WORK INSTRUCTIONS = Print, word for word, the line containing "Also available in" and all lines beneath it to the end of the entries below. Pictures do not belong in the copy.

RECORDS SUPPLIED =
Start of Block

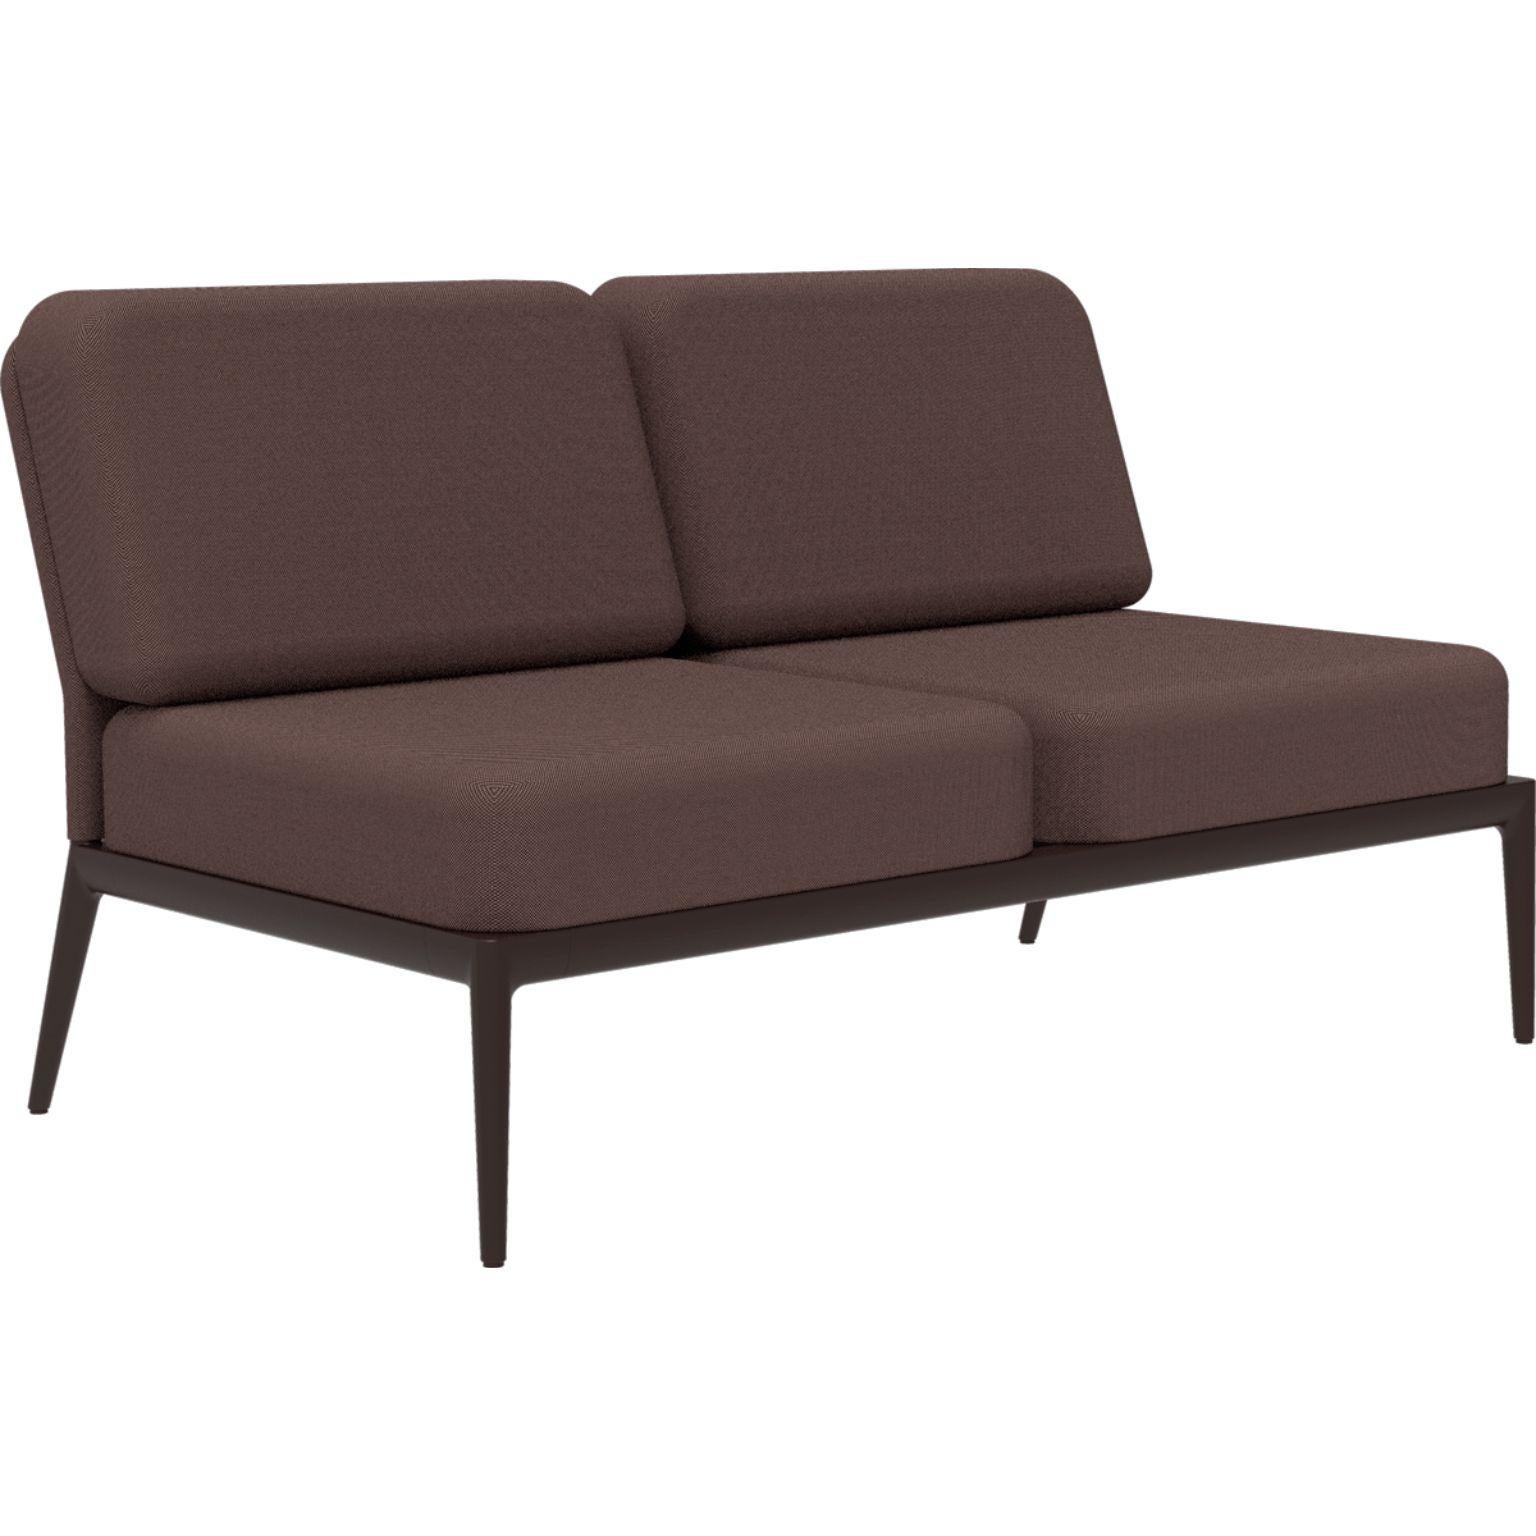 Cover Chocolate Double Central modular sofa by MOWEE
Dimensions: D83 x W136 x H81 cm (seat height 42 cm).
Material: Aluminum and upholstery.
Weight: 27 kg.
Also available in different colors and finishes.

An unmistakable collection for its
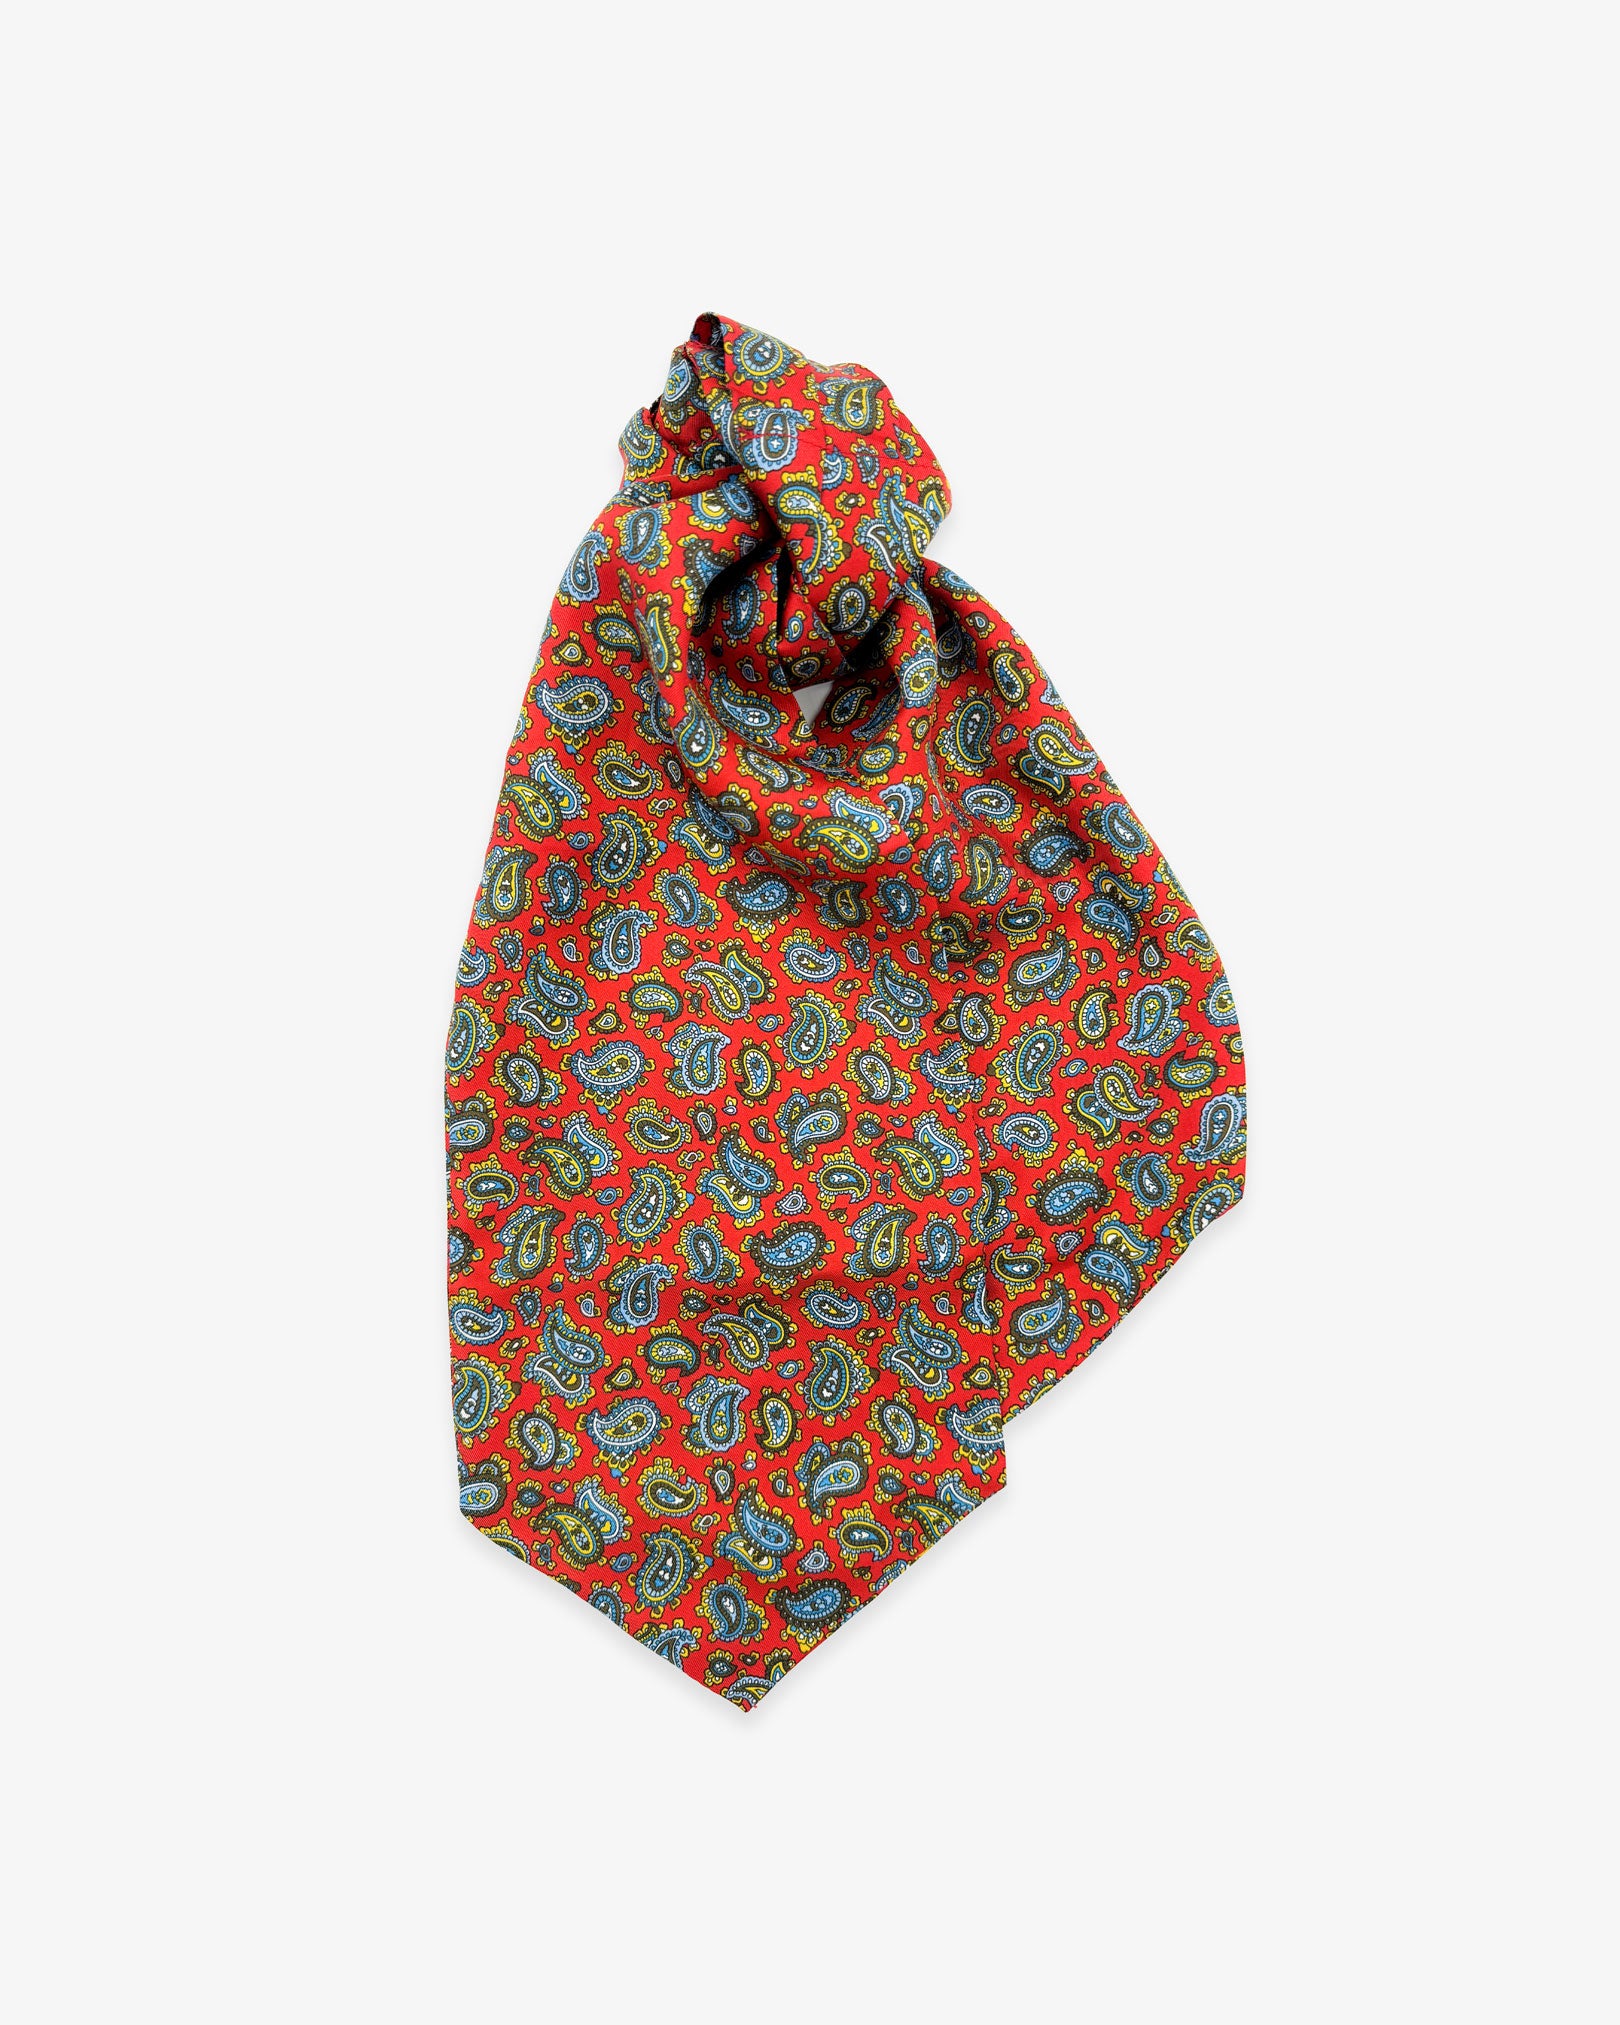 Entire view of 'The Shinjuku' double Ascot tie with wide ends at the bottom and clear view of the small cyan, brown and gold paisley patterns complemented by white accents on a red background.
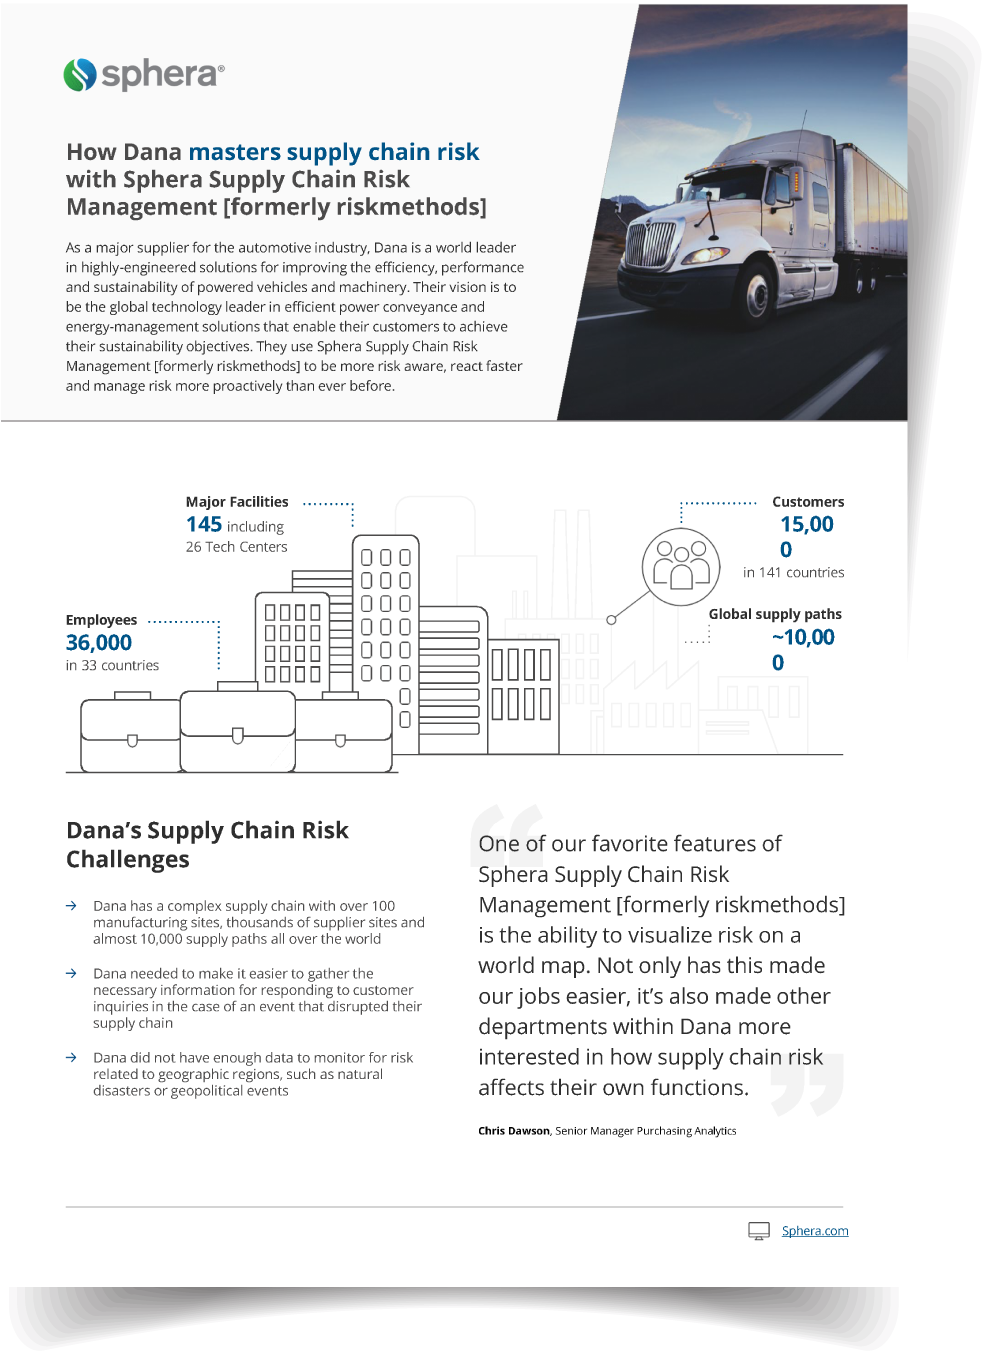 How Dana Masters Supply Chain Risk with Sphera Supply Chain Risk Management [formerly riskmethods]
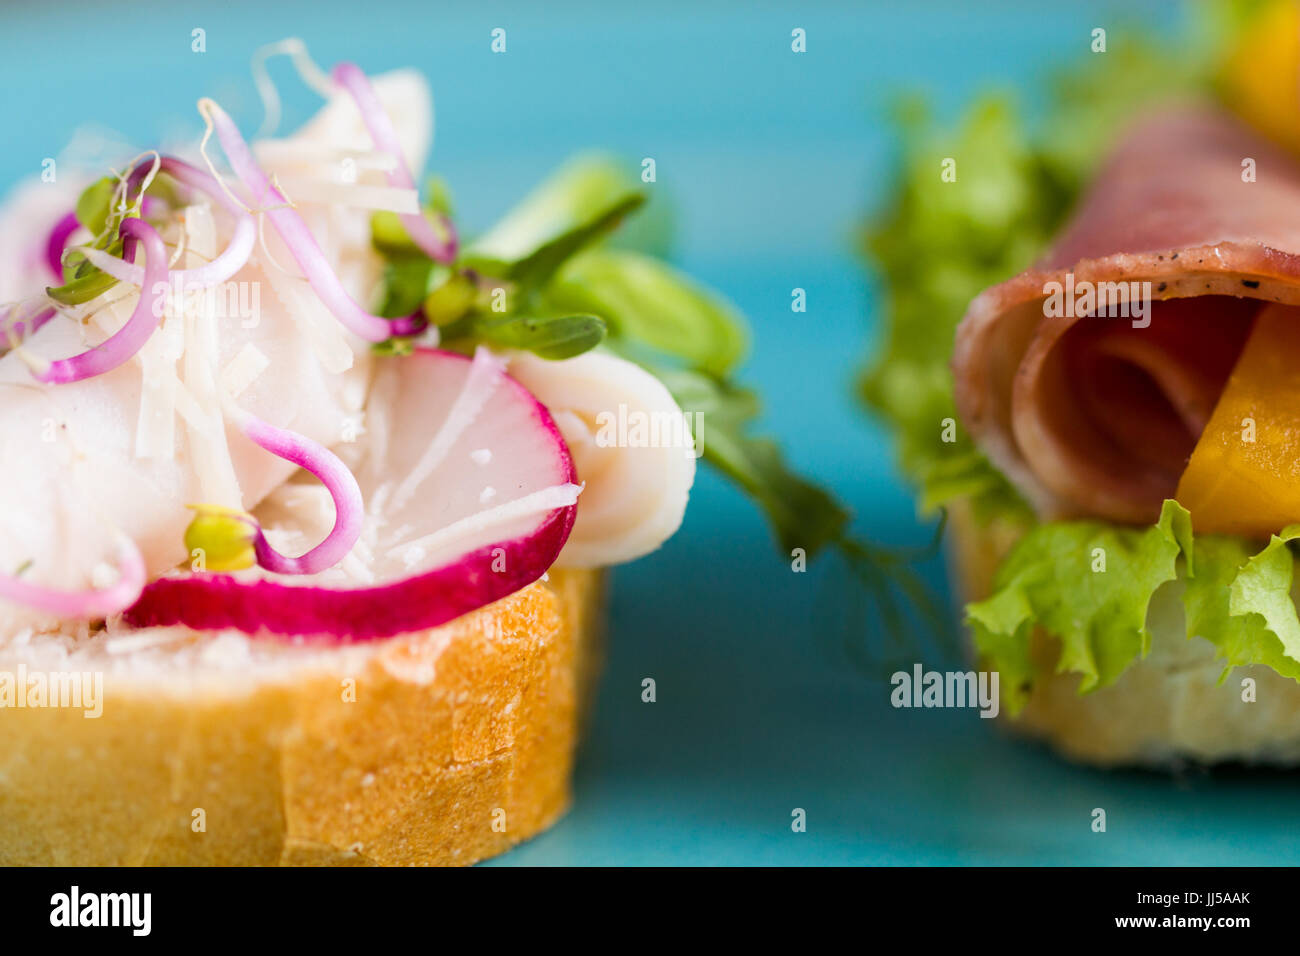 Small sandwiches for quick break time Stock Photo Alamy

End of Block

TASK RESULT =
Also available in different colors and finishes.

An unmistakable collection for its
 Entire view of 'The Shinjuku' double Ascot tie with wide ends at the bottom and clear view of the small cyan, brown and gold paisley patterns complemented by white accents on a red background.
 How Dana Masters Supply Chain Risk with Sphera Supply Chain Risk Management [formerly riskmethods]
 Small sandwiches for quick break time Stock Photo Alamy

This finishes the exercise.